Techniques	CSE-CIC-IDS 2018	BoT-IoT
DNN	1.3	1.45
RNN	1.2	1.2
CNN	1	1.1
RBM	1.12	1.135
DBN	1.11	1.12
DBM	1.11	1.115
DA	1.10	1.11
GDSMO-DSLSTM	0.9	0.95

and Figure 19 compare the existing [43] and proposed deep learning techniques used to develop the IDS frameworks, based on the false acceptance rate (FAR) measure. Both datasets, such as CSE-CIC-IDS 2018 and BoT-IoT, have been taken for validation and comparison. Similarly, the detection rate of existing and proposed deep learning models are compared using these datasets, as shown in

Table 7. Comparative analysis between the existing and proposed deep learning techniques based on detection rate.
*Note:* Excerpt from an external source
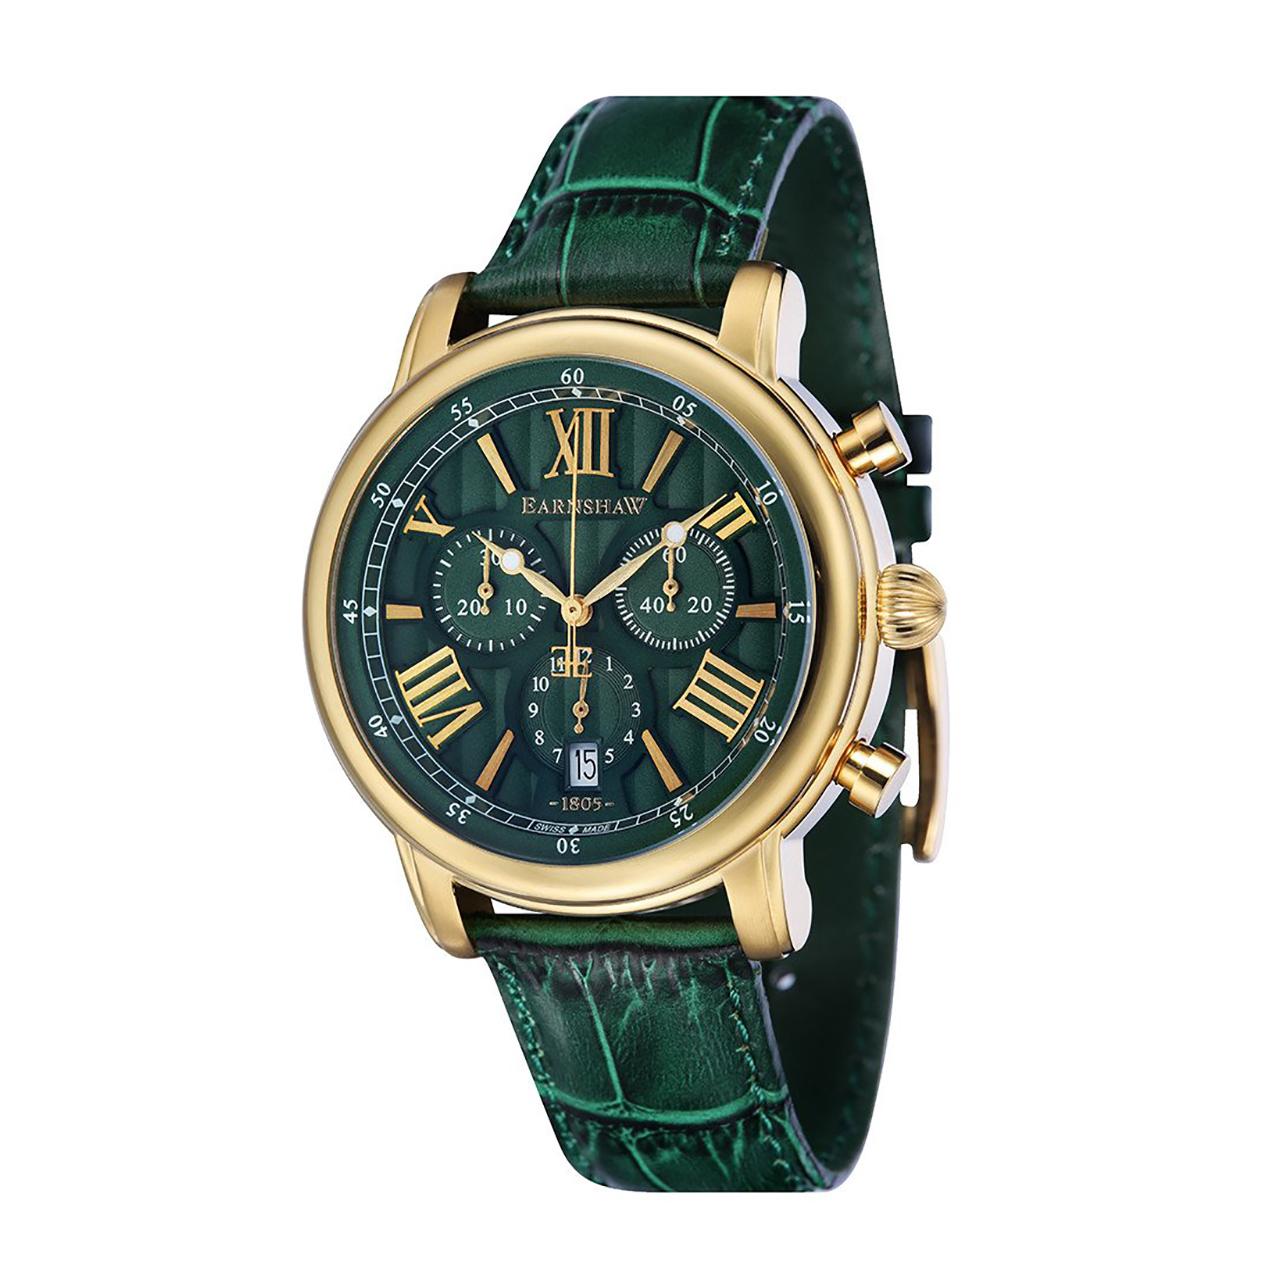 ساعت  ارنشا مدل ES-0016-09

Techniques	CSE-CIC-IDS 2018	BoT-IoT
DNN	95	97.5
RNN	98	97.5
CNN	98	97.5
RF	92.5	92.5
NB	82	80
SVM	93	90
ANN	90	89
GDSMO-DSLSTM	98	97

and Figure 20. According to these evaluations, it is observed that the proposed GDSMO-DSLSTM provides a reduced FAR and increased detection rate for both datasets, when compared to the other techniques. This is because the proposed optimization technique supports the training the deep learning classifier with the best optimal features, which avoids an increased FAR of classification.
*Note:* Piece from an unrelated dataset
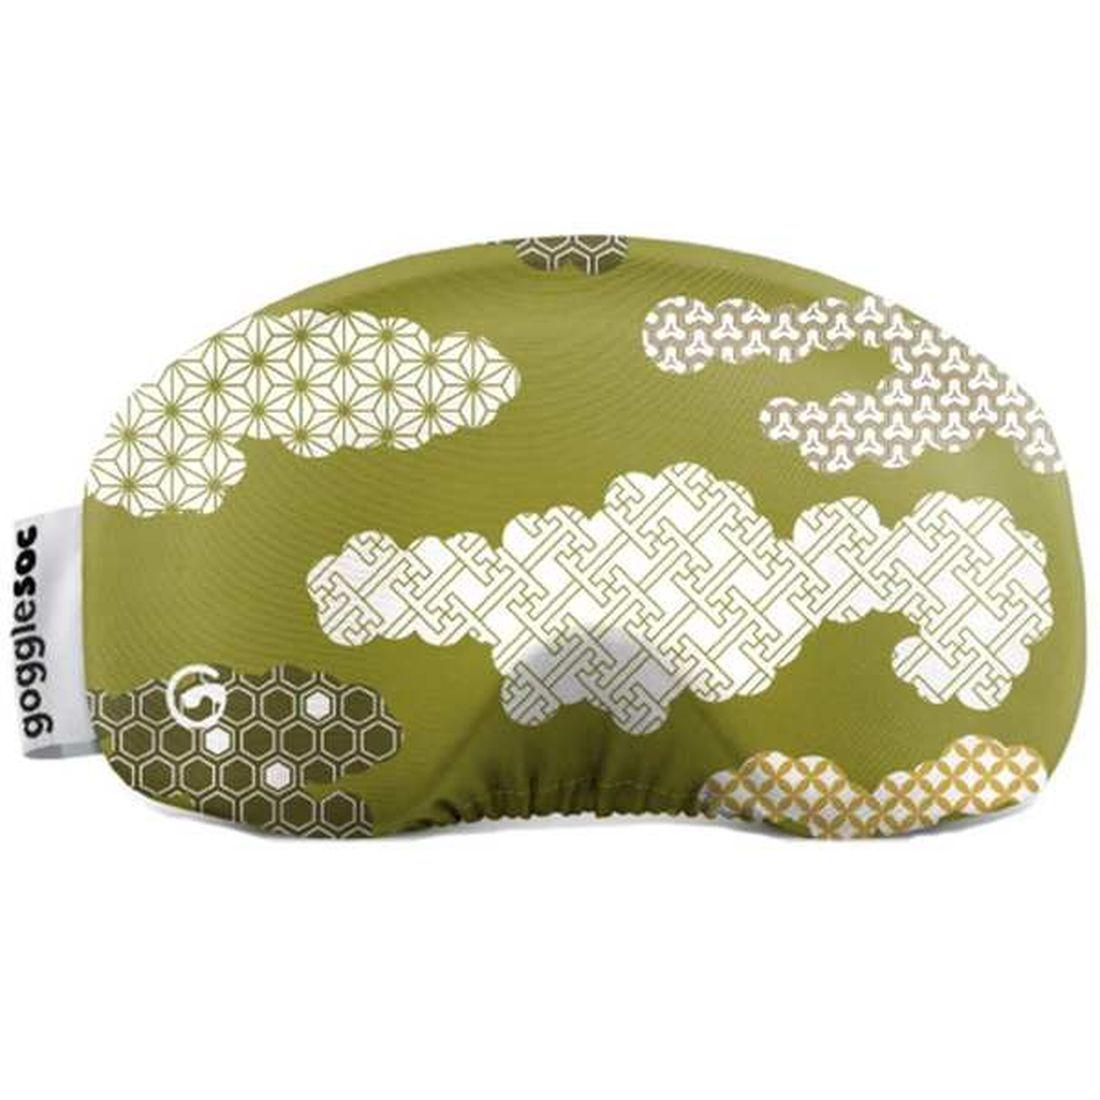 ゴーグルソック gogglesoc JAPANモデル ゴーグルカバー  国内正規品

Table 8. Precision, recall and f1-measure of existing and proposed classification techniques.

Methods	Precision	Recall	F1-Measure
FNN	88	89.2	87.4
LSTM	99.54	99.01	99.27
Ensemble Learning	99.76	99.57	99.68
GDSMO-DSLSTM	99.8	99.8	99.85

and Figure 21 compare the precision, recall, and f1-measure of both existing [27] and proposed classification techniques using the omni-attacks dataset. The precision and recall measures are generally used in all classification and detection application systems to assess the classifier’s performance and efficiency. Based on these results, it is evident that the proposed GDSMO-DSLSTM technique provides increased precision, recall, and f1-measure values compared to the other methods. Furthermore, the optimal parameter tuning attains improved performance outcomes over the different classifiers.

5. Conclusions

This paper presents a classy multifacet clustering-based optimization and classification methodology for detecting intrusions from the SCADA systems. The main contribution of this work is to develop an intelligent IDS framework by using the fusion of methods for obtaining an increased detection accuracy, reduced false positives, error rate, and complexity. The most popular IDS datasets have been utilized to implement and validate the proposed security system. The dataset normalization and preprocessing operations have been performed to eliminate irrelevant attributes and balance the data. Consequently, the MDCM technique is applied to group the attributes into the form of clusters based on the distance value. The main purpose of implementing the clustering technique is to simplify the process of intrusion detection and classification with an increased speed of processing. Then, the GDSMO technique is employed to optimally select the best features for training the classifier model, which helps reduce the time taken for dataset training and testing. The switching probability, weight value, and fitness value have been computed during this process for selecting the optimal parameters to improve the classification.

Moreover, the DS-LSTM-based deep learning classifier is deployed for spotting the intrusions from the clustered datasets based on the optimal set of features. The primary advantages of using this technique are reduced time consumption for training and testing, increased accuracy and detection rate, and minimized misclassification rate. Finally, the performance of the proposed GDSMO-DSLSTM-based IDS is validated and compared with the recent state-of-the-art models by using the measures of accuracy, precision, recall, F1-score, FAR, and detection rate. The evaluation states that the proposed GDSMO-DSLSTM technique outperforms the other approaches with improved performance values.

In future, the proposed work can be enhanced by developing a secured communication medium for protecting the SCADA systems from internal and external threats. Additionally, the major properties such as integrity, scalability, intrusion tolerance, and self-healing can be satisfied by designing an effectively secured SCADA architecture.